Regional Justice Center
Frequently Asked Questions
Built in 1984, the jail is owned and operated by the Chelan County Board of County Commissioners. It currently has contracts with Douglas County and the cities of East Wenatchee, Wenatchee, Cashmere, Entiat, Leavenworth and Chelan. It operates on an annual budget of $13.7 million.
- Total bookings in 2025: 3,924 (25% increase, or 787 bookings, over 2024)
- Average daily population: 140 people
- Average daily number of people on elevated medical care: 12
- Total staff: 71 full-time employees
The majority of people booked into the Chelan County jail are very sick – and unwilling or unable to care for themselves. Staff is working around the clock with people deeply impacted by the fentanyl crisis, mental health issues and the severe detox process that occurs for the majority of people booked into the jail.
- 60 percent of all bookings admit to using drugs or alcohol within the last 48 hours.
- 60 to 70 percent of new bookings are immediately housed in a medical sensor cell.
- The jail averages 10 to 15 people a day who are staying in medical sensor cells, where they receive a higher level of care because of detox protocols put in place.
Many people who are using these highly addictive drugs will stop at nothing to smuggle narcotics or opioids into the jail. They put them in their orifices, stuff them in small holes in clothing, attempt to break outside windows and have friends tie drugs to a string, ask people to soak letters in drugs and mail them to them, and even quickly consume all the drugs they have while being arrested. (All of these examples are real.)

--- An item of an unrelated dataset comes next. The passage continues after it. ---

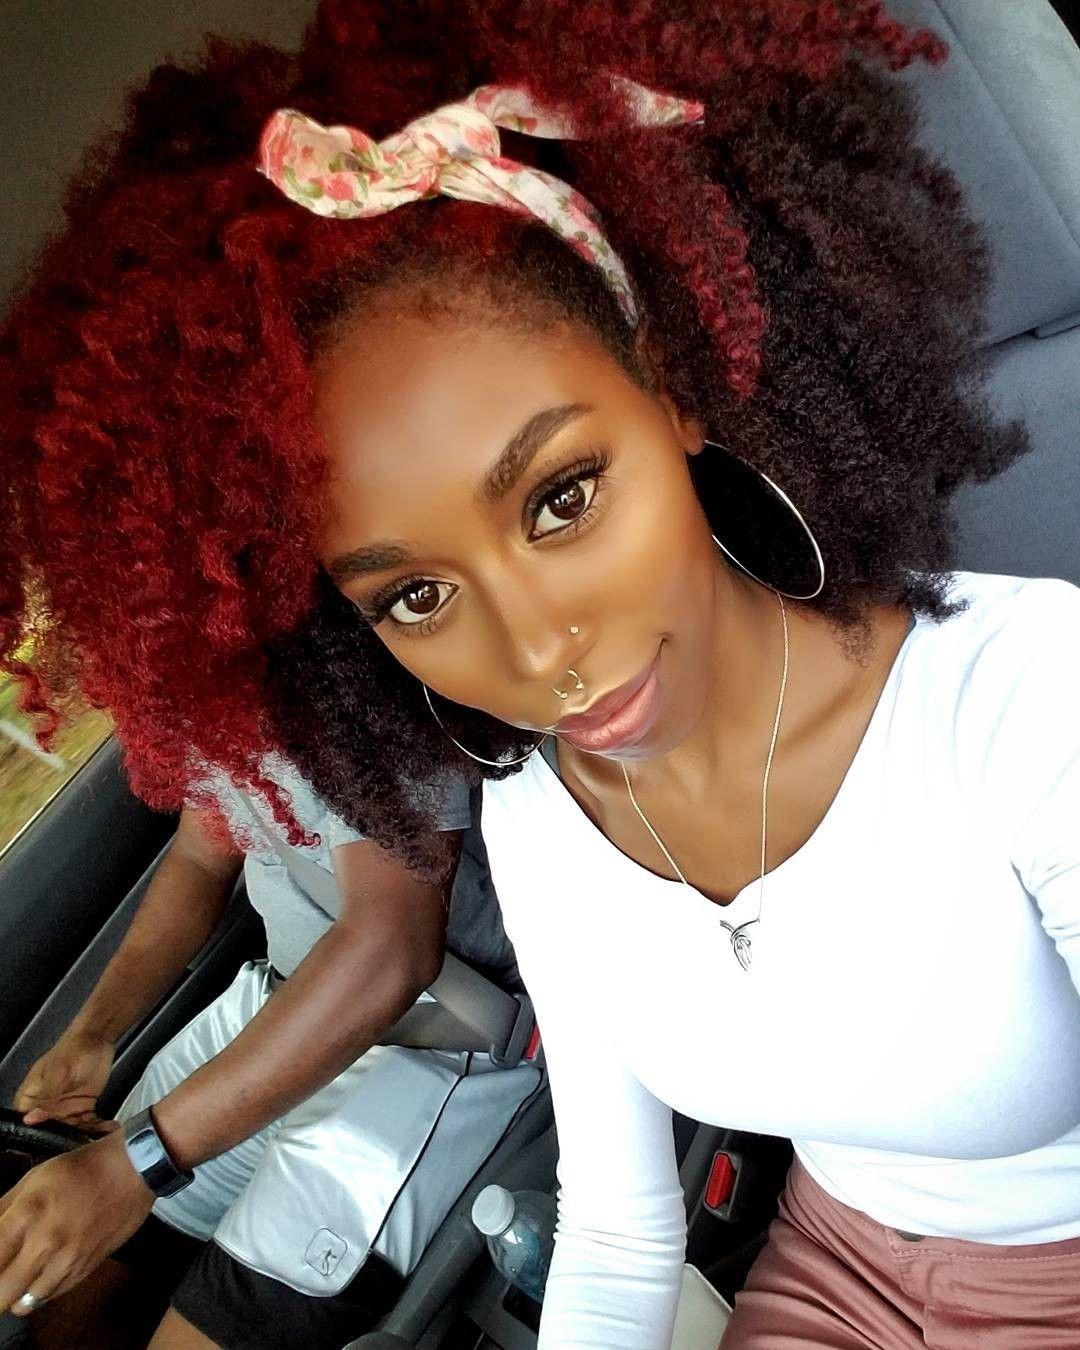 ONYC Tight Kinky Curlyfinally! - Black Hair Media Forum

The fentanyl crisis has added a severe threat level to all correctional settings. The drug is so addictive that people will risk everything for the chance to bring drugs into the facility with them. The detox is so painful, lasting one to 10 days, that some people would rather attempt suicide than go through detox.
Even with all the protocols, new equipment and hard work the regional jail has put in place to combat this issue, people still are willing to take drugs if available to them; free will is not taken away from someone incarcerated in a jail.

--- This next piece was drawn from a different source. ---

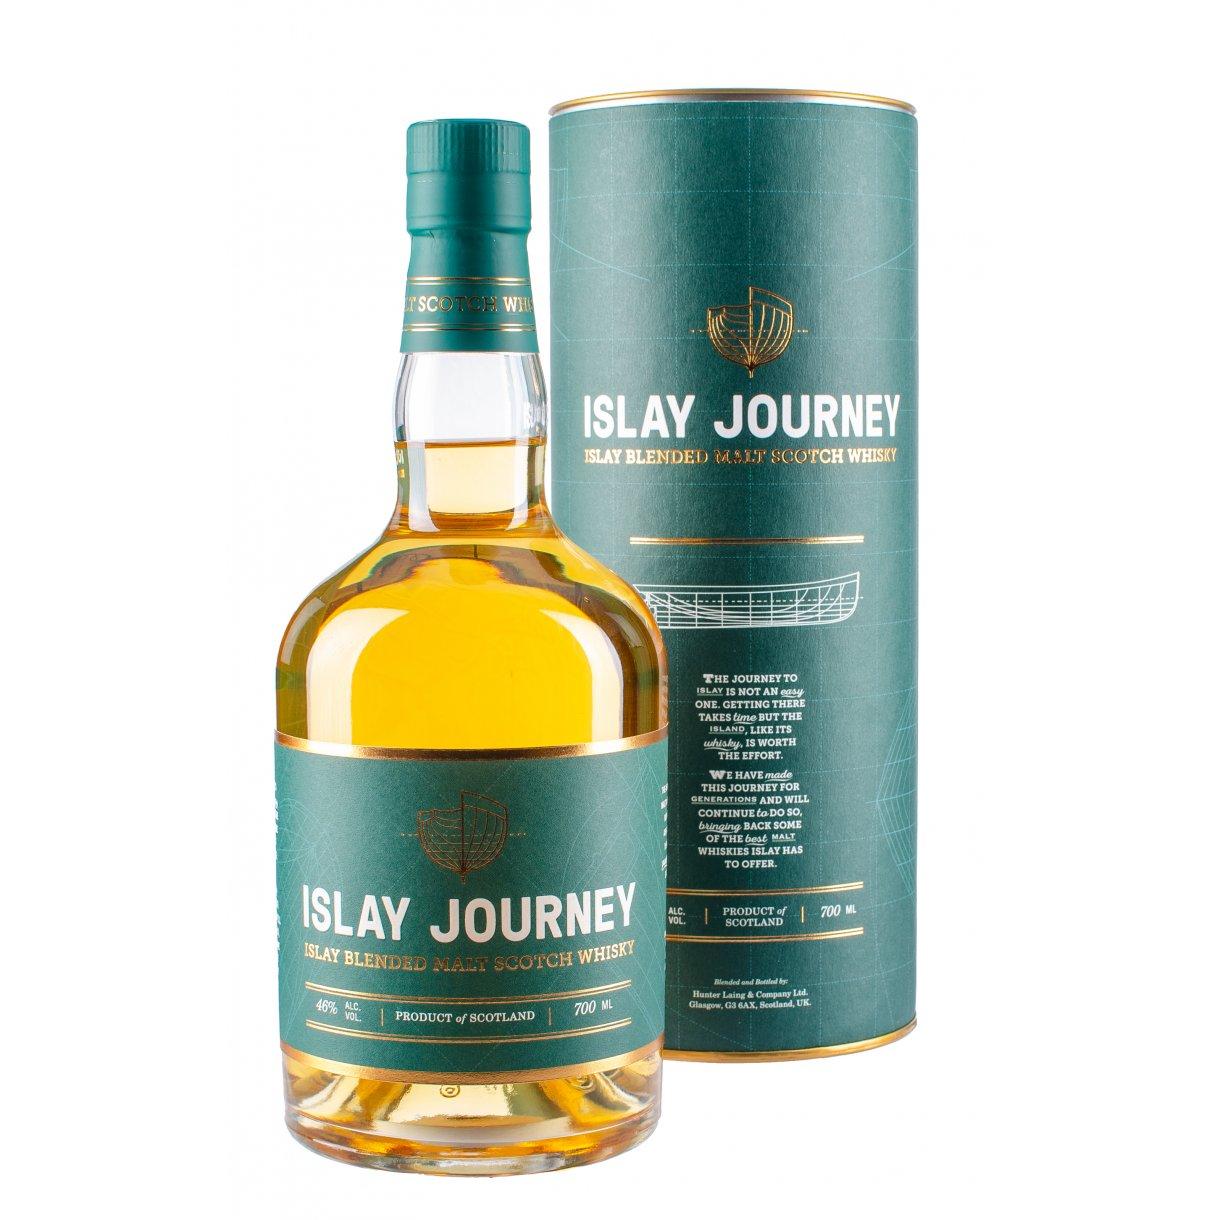 Hunter Laings Islay Journey Islay Blended Malt - 46% Small Batch - Bourbon Hogsheads

Chelan County has put much effort and money into preventing drugs from getting into the jail population:
- Since 2020, the jail has undergone a massive security camera upgrade. Cameras are now in every cell, both in the segregation and the general population cells. The only areas without cameras are near the toilets for privacy.
- The jail’s Drug Interdiction Program includes the use of a body scanner, mail screener and a narcotics-detecting K9. Initiated in 2022, Chelan County was one of the first to use a K9 in a county-operated jail. The dog is trained to detect six odors: heroin, cocaine, methamphetamine, fentanyl, marijuana and buprenorphine. He routinely searches mail and the cells. In 2025, the dog had 159 deployments, 20 indications and three drug seizures.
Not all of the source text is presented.